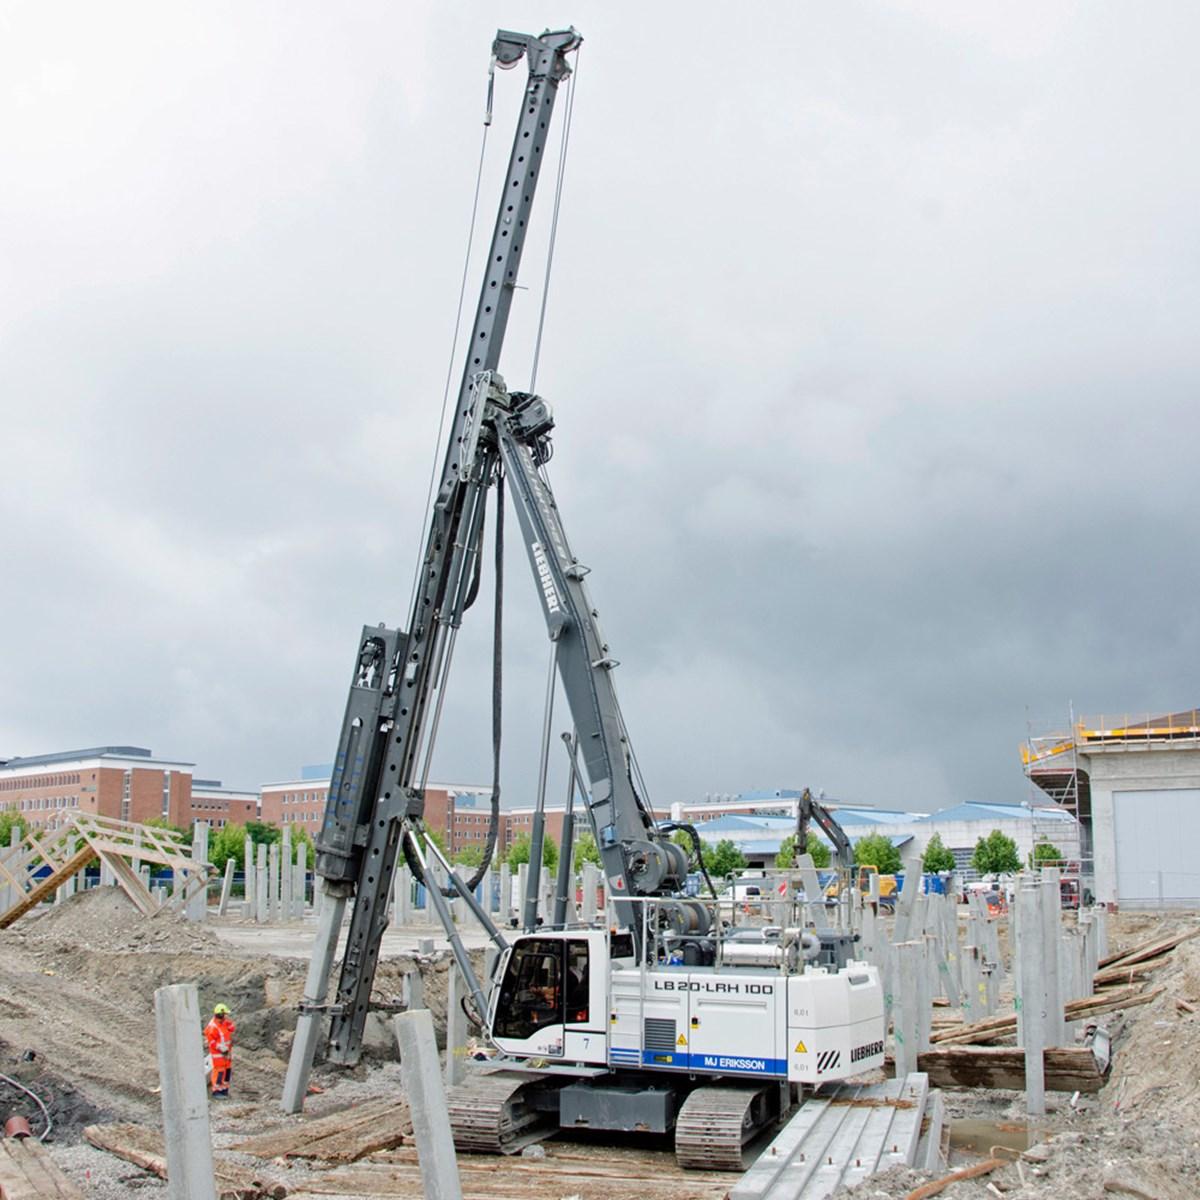 liebherr-lrh-100-rammgerat-ramme-piling-rig-hammer-piles-pfahle-2.jpg
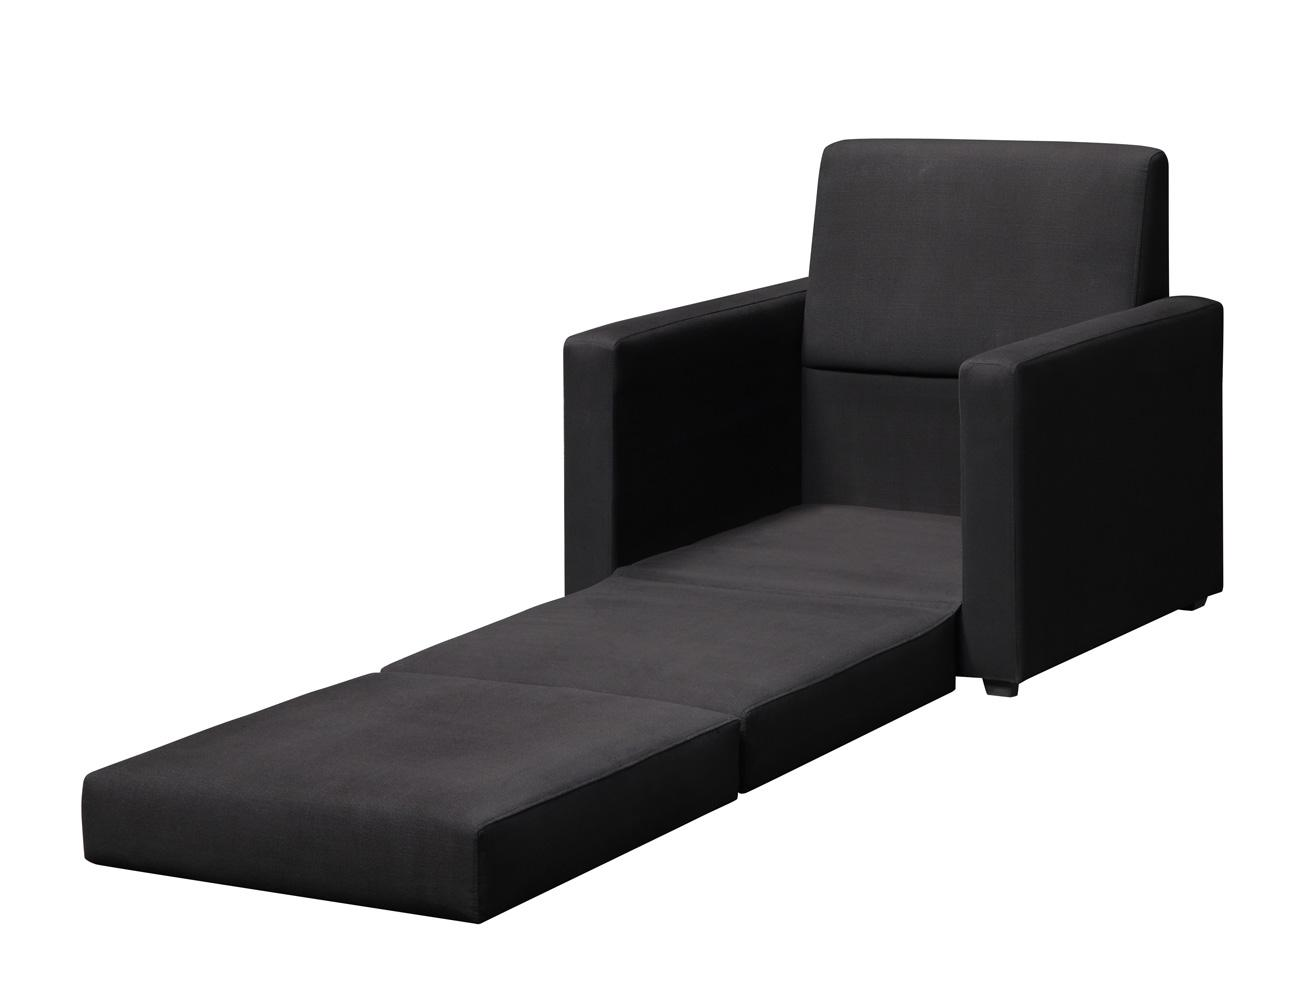 Single Sleeper Chair Home Decor
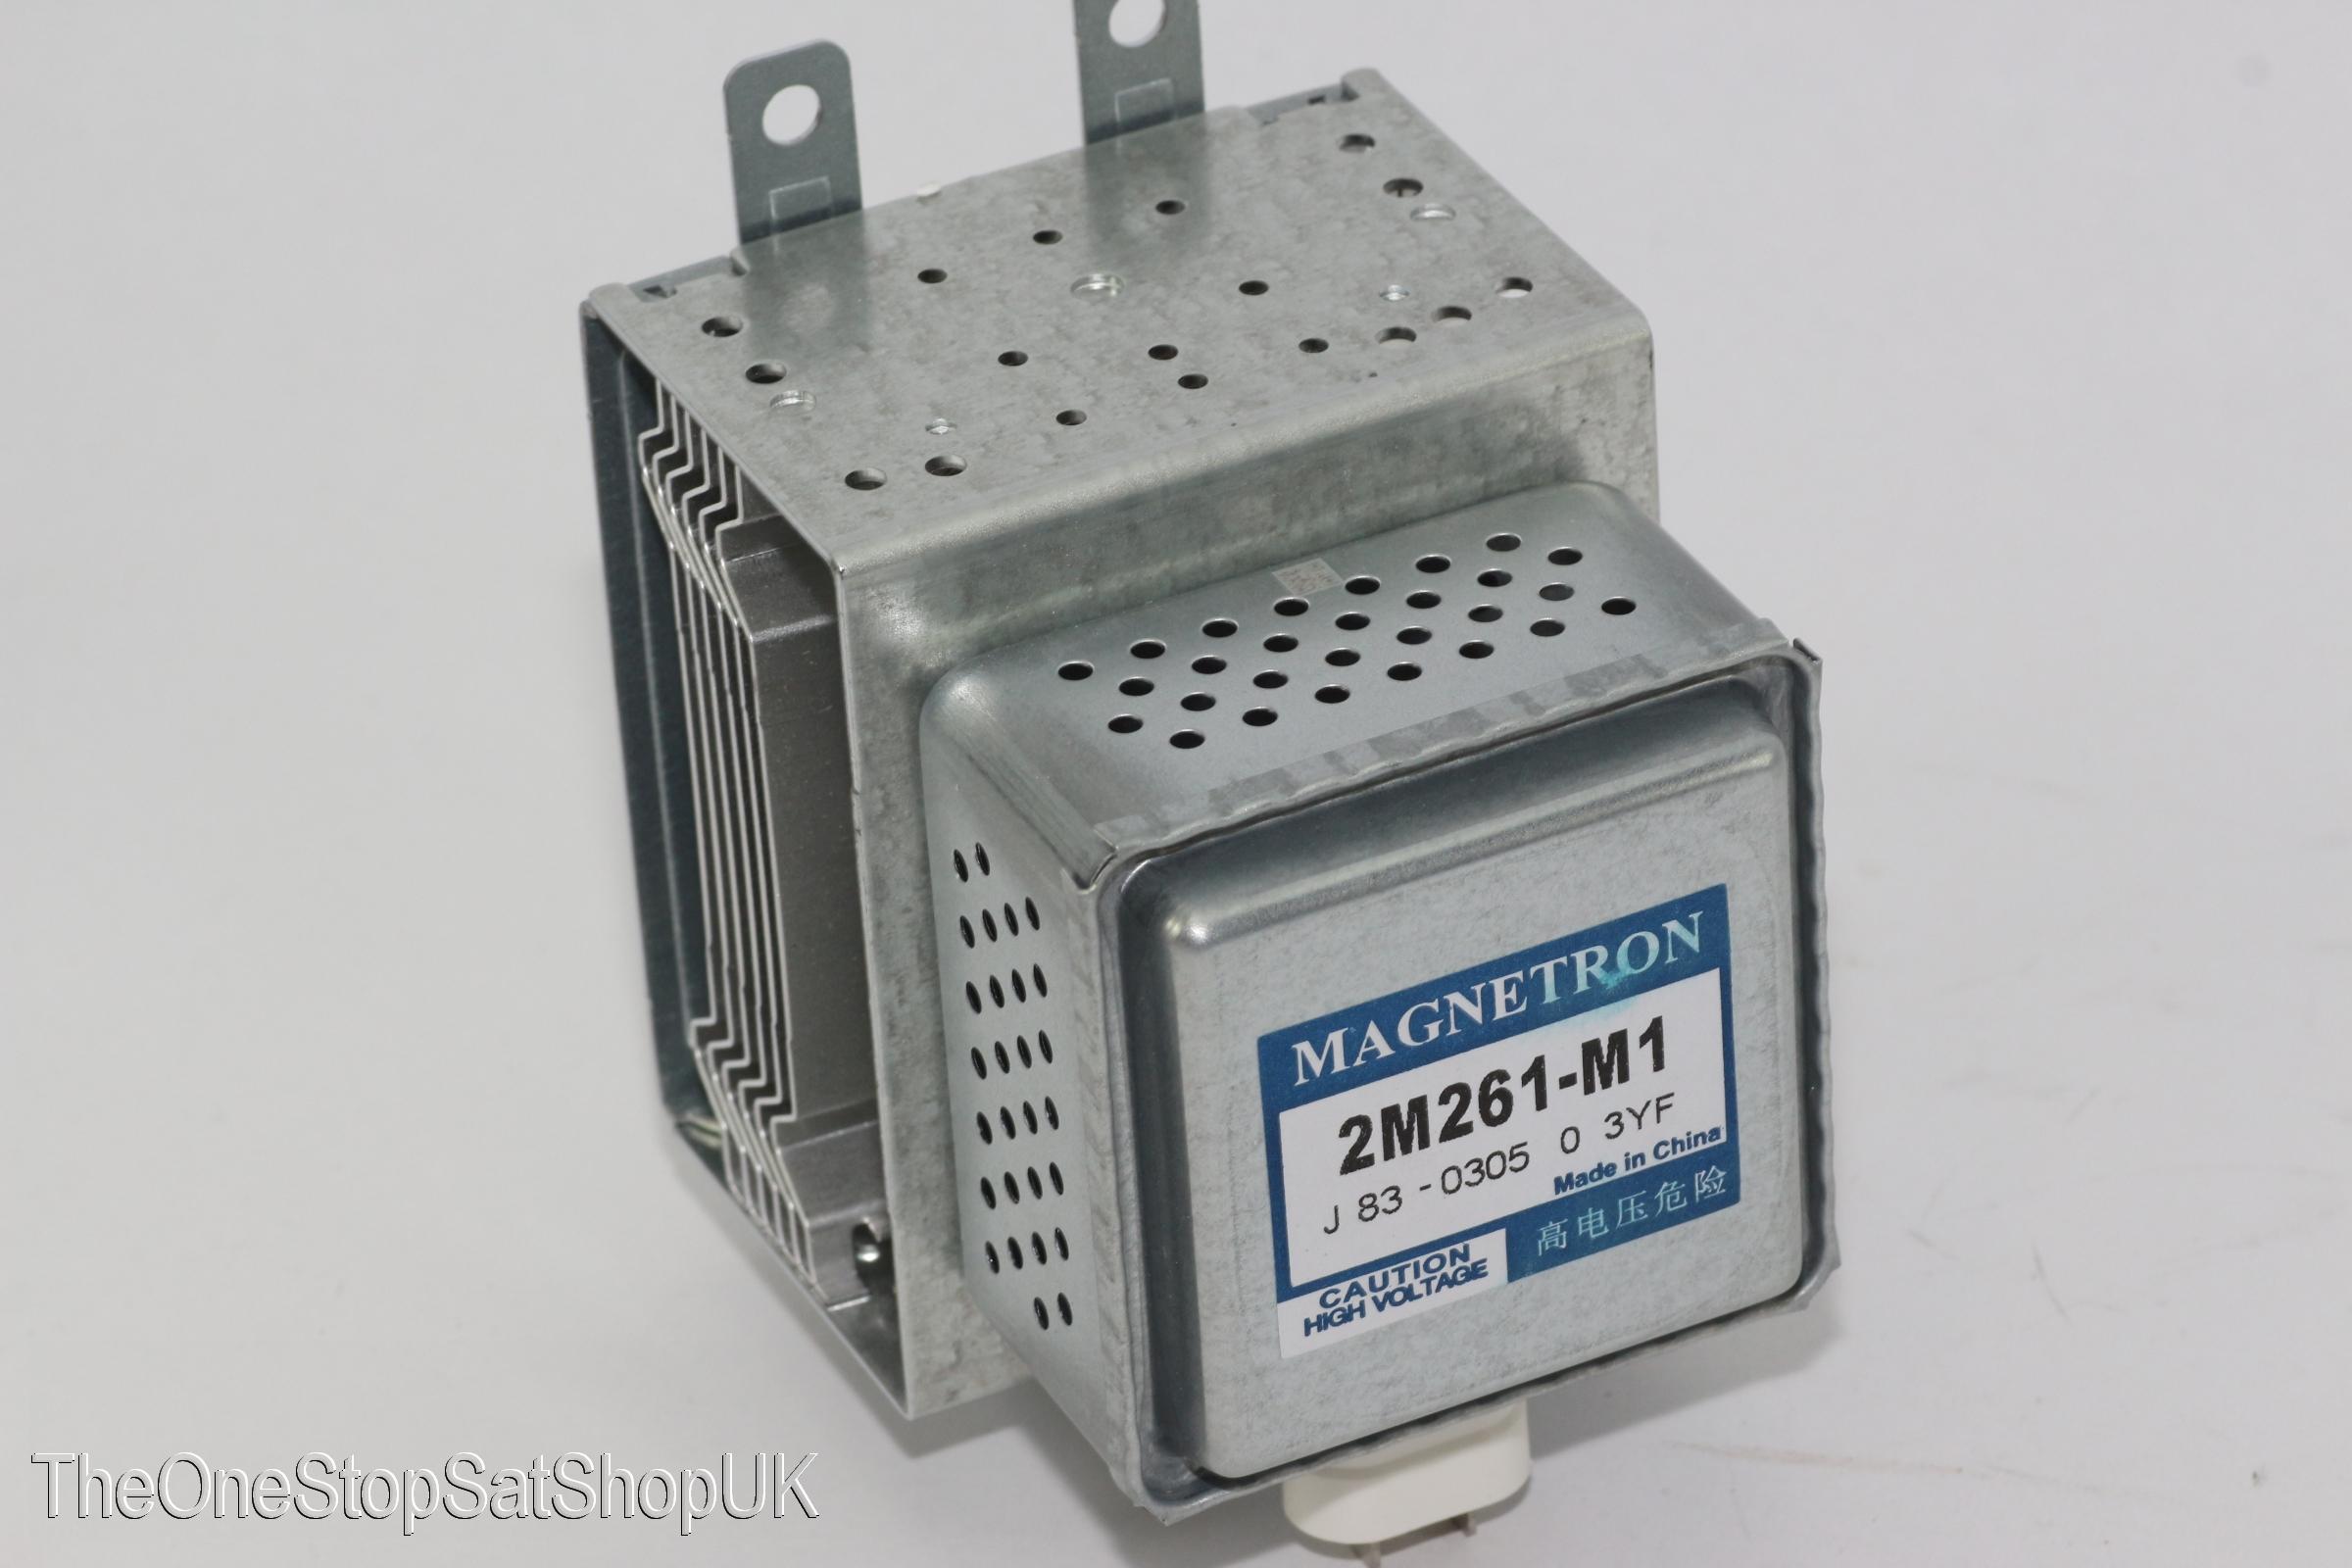 Magnetron PANASONIC Typ 2M210M1 für Mikrowelle | gastrotiger
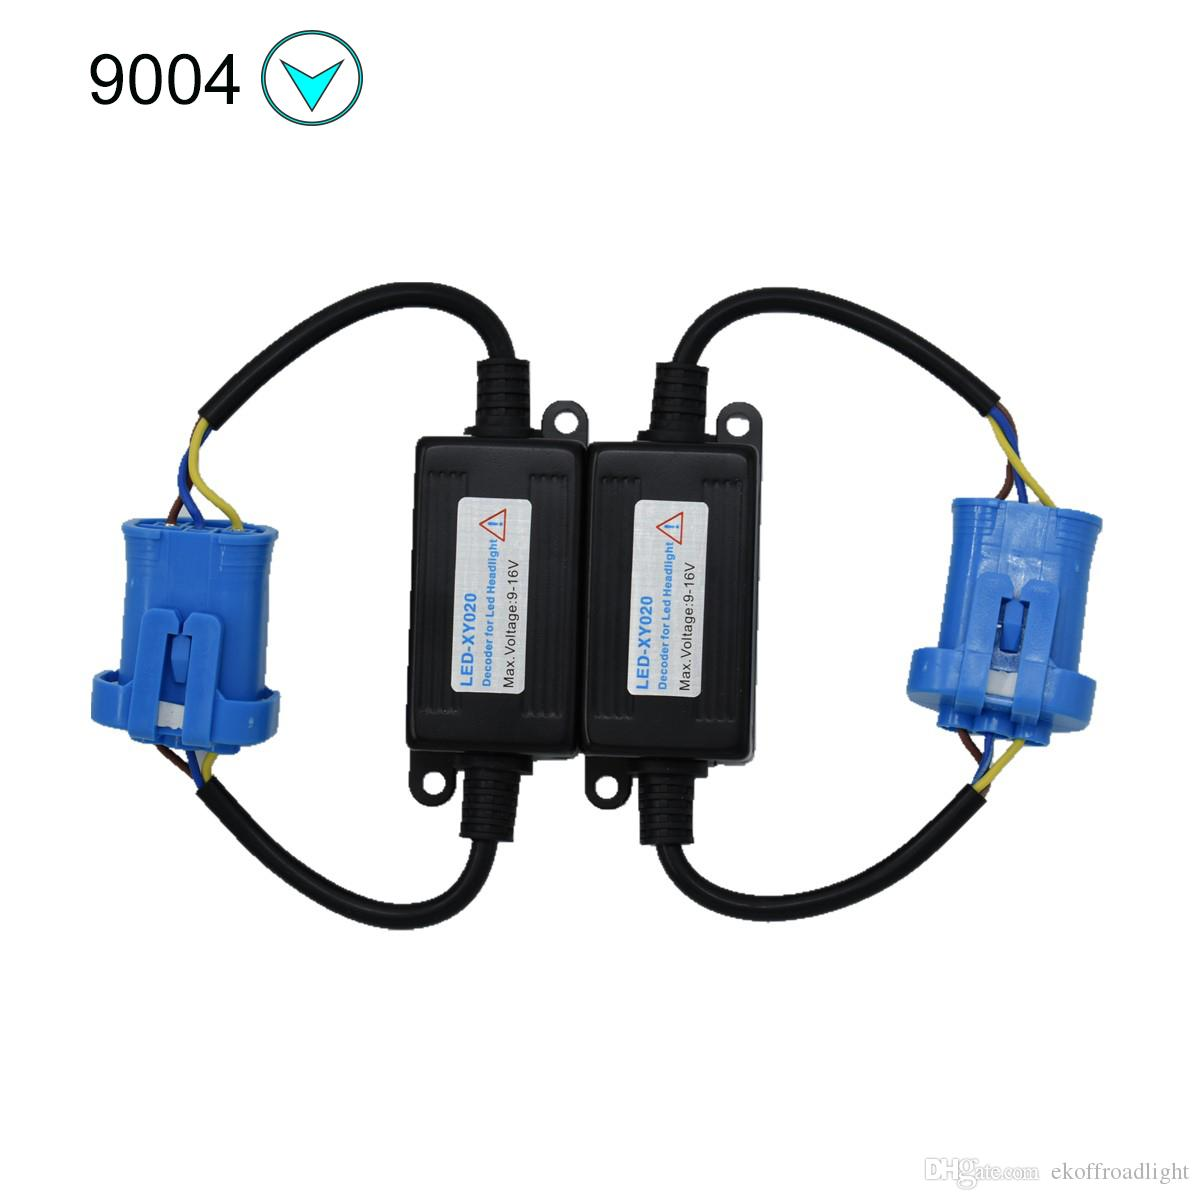 hight resolution of 2019 ecahayaku h3 9005 9006 h1 h11 h4 h7 led canbus car headlight decoder wiring adapter drl led lamp error canceler fog light canbus from ekoffroadlight

□ □ □ □ □

* [Exercise directions]
Write out again every line above exactly as given; the pictures do not belong in the copy.

* [Result for this task]
 liebherr-lrh-100-rammgerat-ramme-piling-rig-hammer-piles-pfahle-2.jpg
 Single Sleeper Chair Home Decor
 Magnetron PANASONIC Typ 2M210M1 für Mikrowelle | gastrotiger
 hight resolution of 2019 ecahayaku h3 9005 9006 h1 h11 h4 h7 led canbus car headlight decoder wiring adapter drl led lamp error canceler fog light canbus from ekoffroadlight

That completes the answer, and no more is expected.